- Born: Benjamin Stanley Simmons March 10, 1871 Charles County, Maryland, U.S.
- Died: September 8, 1931 (aged 60) Washington, D.C., U.S.
- Education: Massachusetts Institute of Technology
- Occupation: Architect
- Buildings: Hume School, National Metropolitan Bank Building, Fairfax Hotel, Barr Building

= B. Stanley Simmons =

American architect

Benjamin Stanley Simmons (March 10, 1871 – September 8, 1931) was an American architect.

==Life==
Born in Charles County, Maryland, in 1872, Simmons came as a child came to Washington, D.C., where he would later establish his career in architecture. He received his architecture degree at the University of Maryland, and continued his study at MIT. He started designing and building houses in the 1890s, before he moved on to bigger commissions. In 1902, the Evening Star described Simmons as "an architect who has added to the beauty and growth of this city."
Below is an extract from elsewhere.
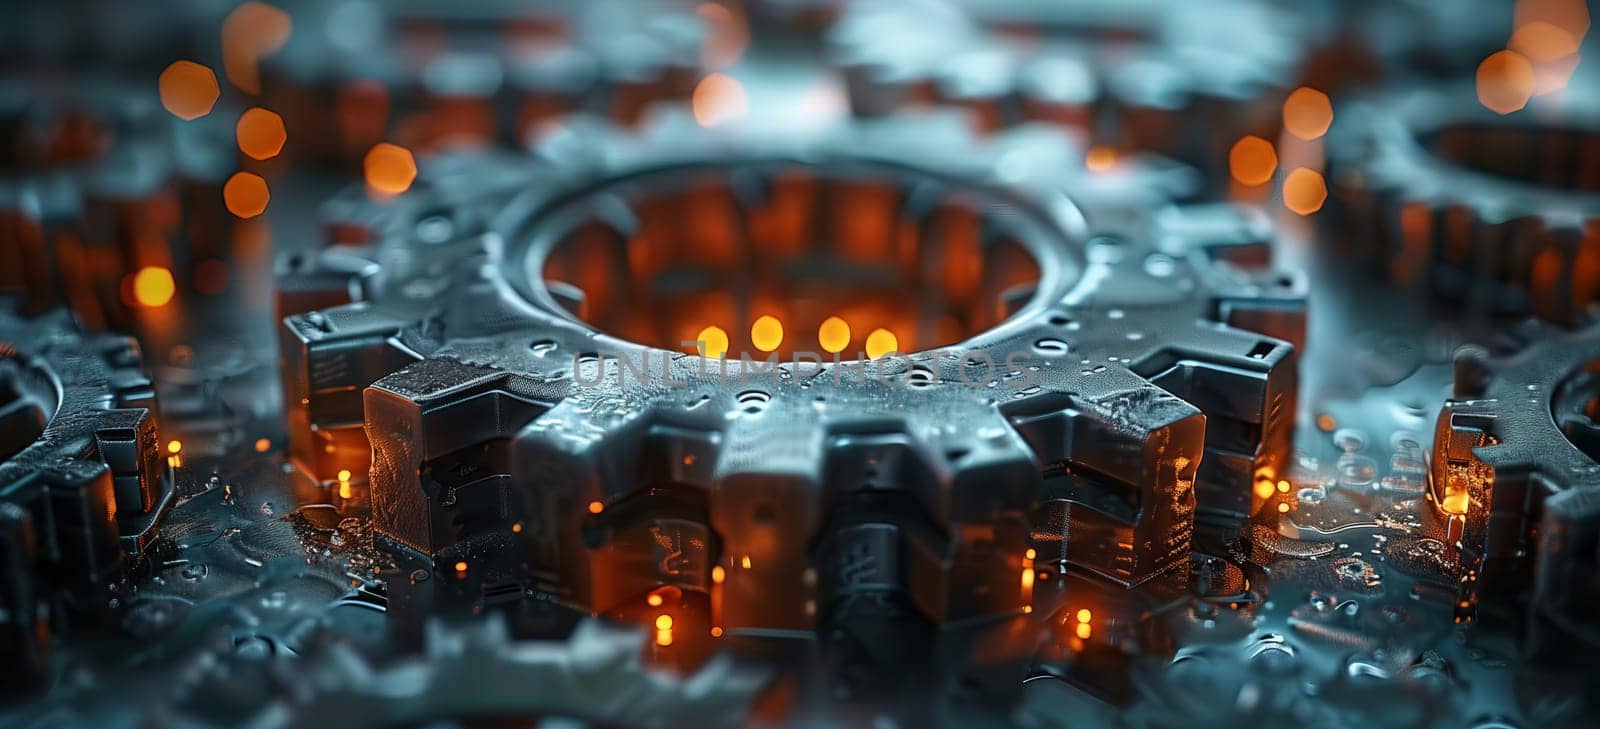 Closeup shot of a glowing gear surrounded by electric blue lights by richwolf

He established himself as an extremely prolific architect, ultimately designing more than 280 buildings in the city. Simmons worked with every major developer, and appears to have had a particularly close working relationship with Lester A. Barr and later his son, John L. Barr, with whom he designed some of his best-known commissions. Simmons was versatile, designing a variety of building types including row houses, fraternal clubs, and commercial and institutional buildings. He seems to have had a proclivity for apartment buildings, of which he designed more than 60. Among his other works are the National Metropolitan Bank Building at 15th and G Streets NW (1905), the Elks Club at 919 H Street NW (1908, demolished); and the Fairfax Hotel at 21st and Massachusetts Avenue NW (1921). His earlier Hume School, built in 1891, is on the National Register of Historic Places, along with the National Metropolitan Bank Building, the Wyoming Apartments, and the Barr Building.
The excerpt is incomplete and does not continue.